Some young writer somewhere will say, “But then what can I give advice on?”

And I guess the only answer is to admit you know nothing and go on from there.

I Know Nothing: Five Things I Do Know

I know I need to practice. There’s a reason I do the Terrible Minds challenges, but I also need to just start writing short stories (longer than the typical 1000-word flash), and I also need to learn the pace of the longer novella, and the endurance of the even longer novel. Lots of this stuff will be crap, but some of it will be crap with potential. That said….

I know I need to rewrite. I’m not one of those writers who can get something off pitch-perfect unless it’s less than 1000 words (and sometimes not even that). I think there are, actually, very few of those. I’ve seen too many people apparently piss away their early first drafts in onslaughts on agents and editors.

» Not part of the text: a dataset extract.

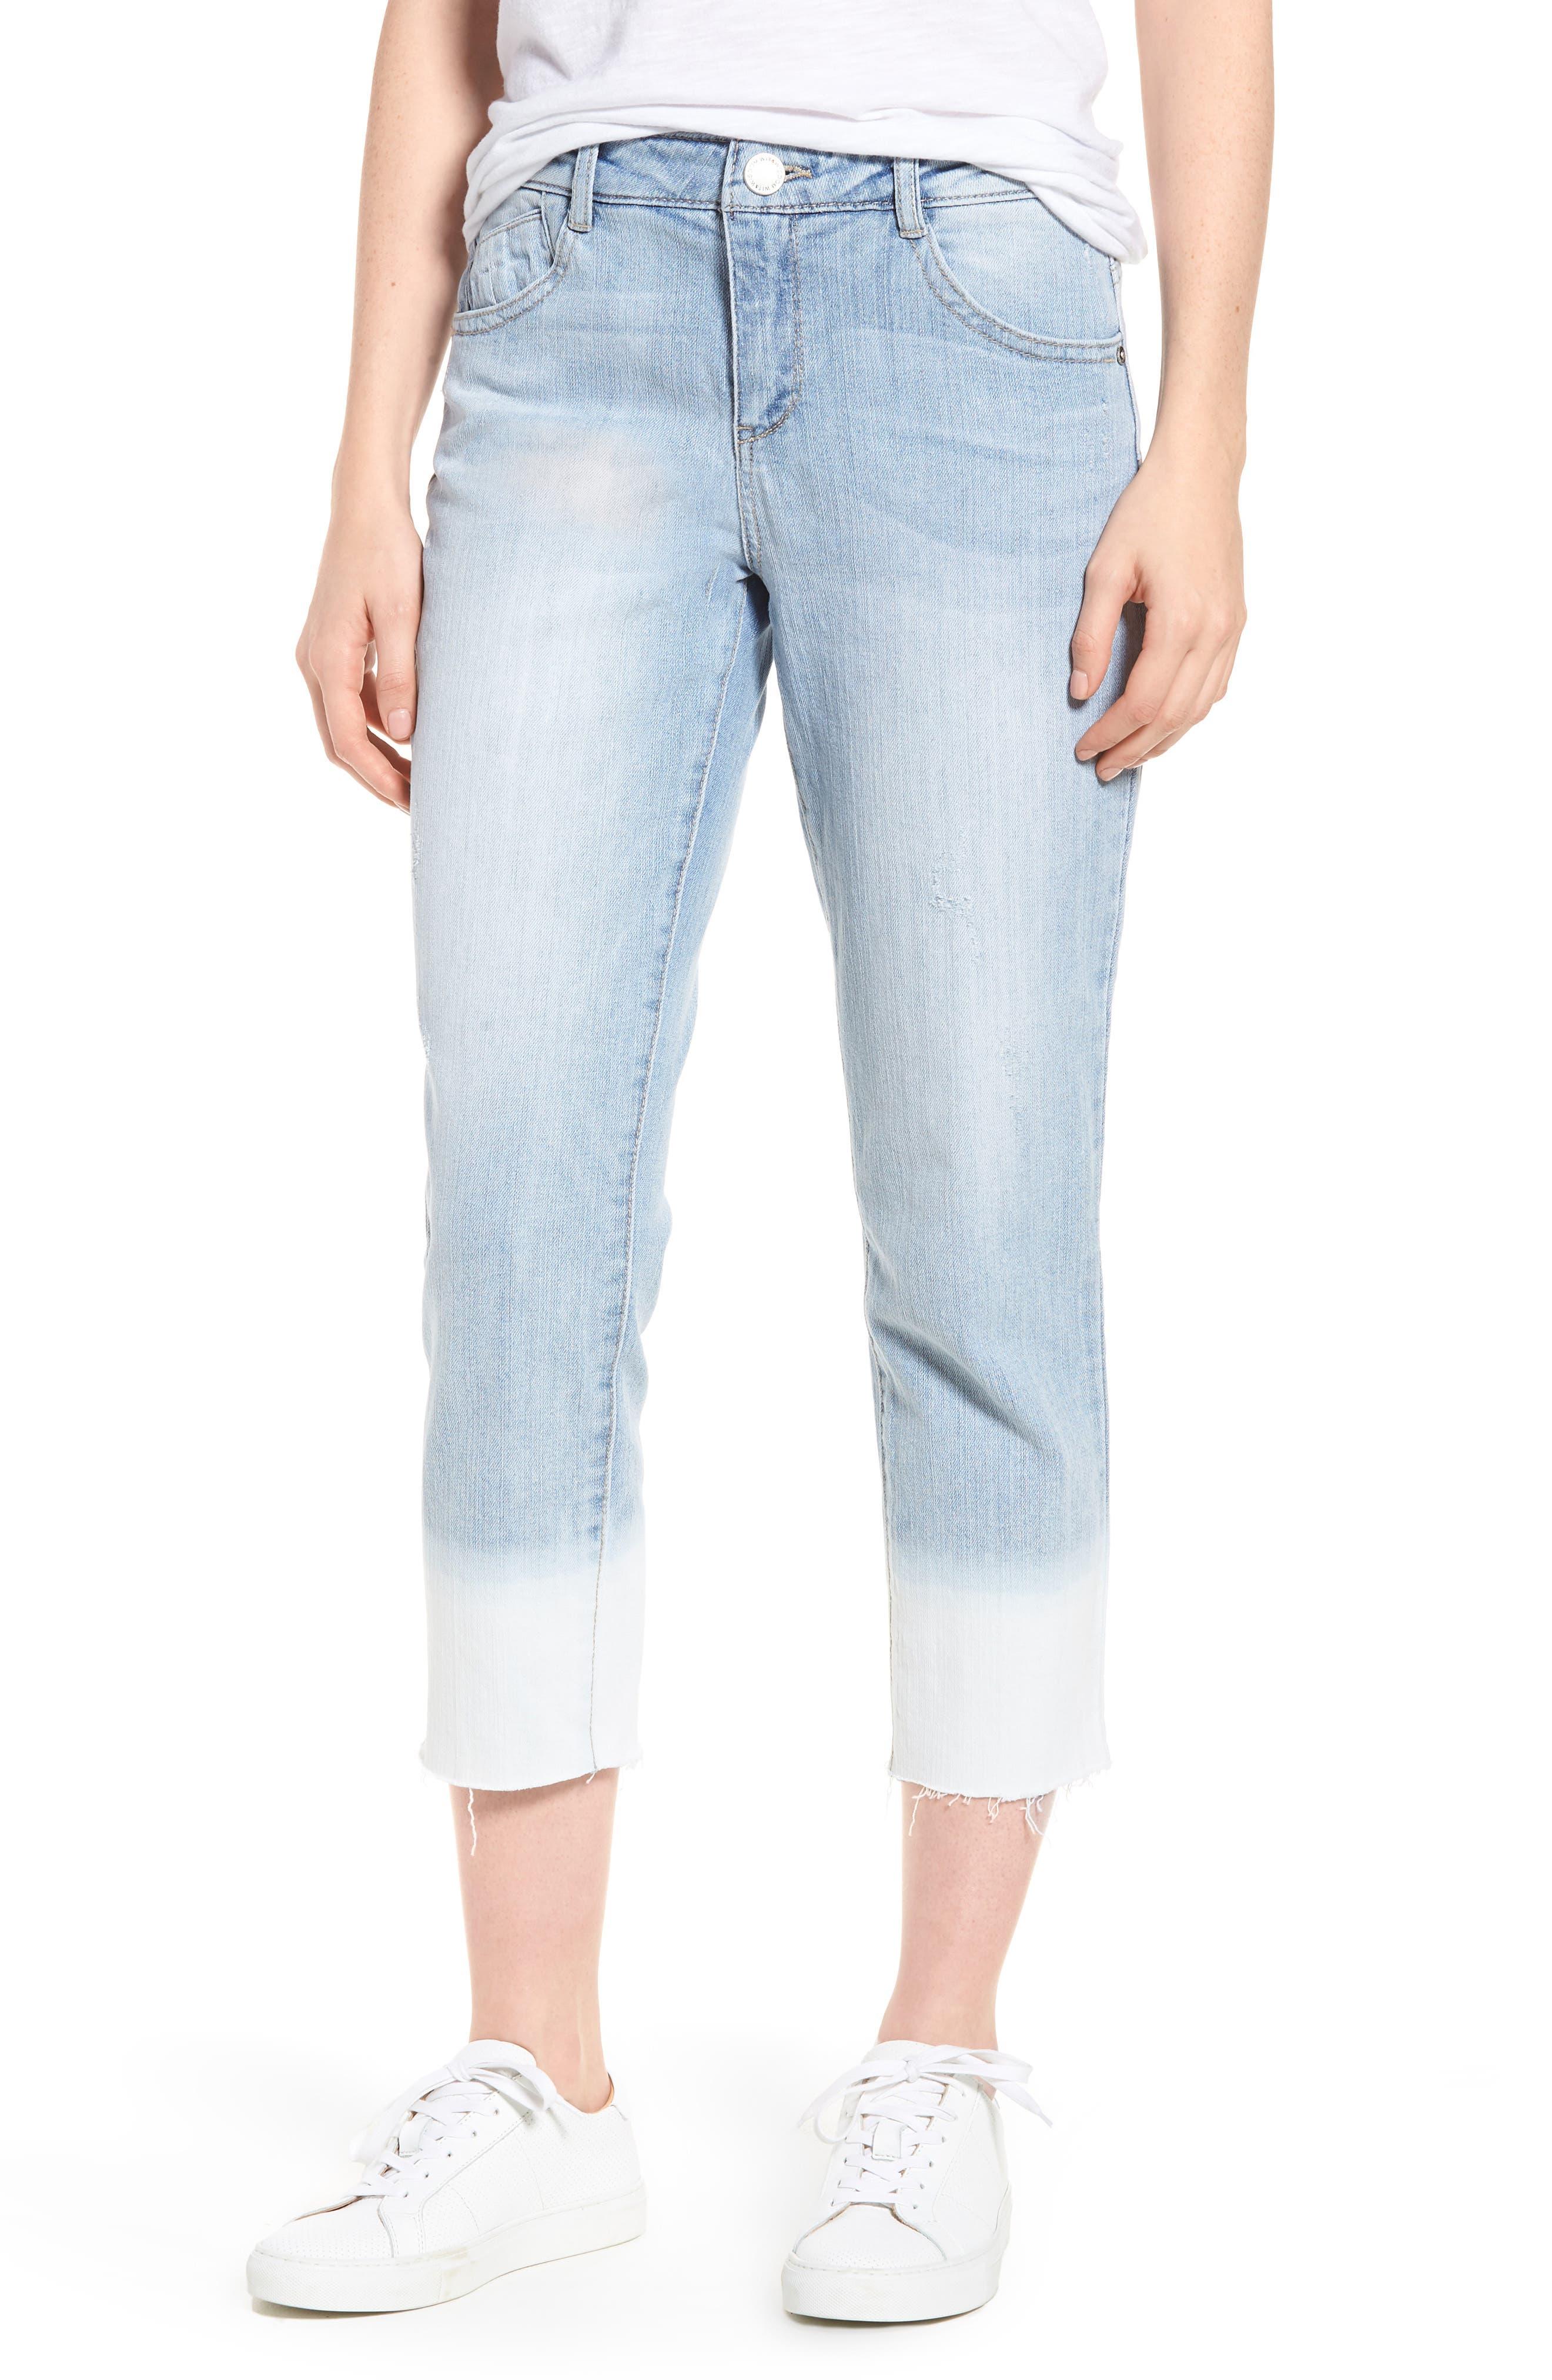 Wit & Wisdom Flex-Ellent Bleached Raw Hem Jeans (Nordstrom Exclusive)

I know that I need to read. That the writer who stops reading, and reading widely, loses something valuable. That includes non-fiction and reading outside of the genres I normally write in. ((If I could be said to have a habit at this point.)) Books about writing go in the next point, actually…

I know that I need to learn from other writers. I said, a long time ago, that writing is an apprenticeship art. Whether it’s through workshops (unlikely!) or groups (unlikely!) or hard study on my own (already doing) and reading other writers’ screeds about writing (and taking the advice with a moderate amount of salt)… there’s a whole lot of experience out there to learn from, and I’d be foolish not to take advantage of it. And finally:

I know that publishing is not the end. Whether I get published professionally or if I publish myself, it’s not the pinnacle of my writing track. I need to keep growing, to go beyond, to not rest on my laurels.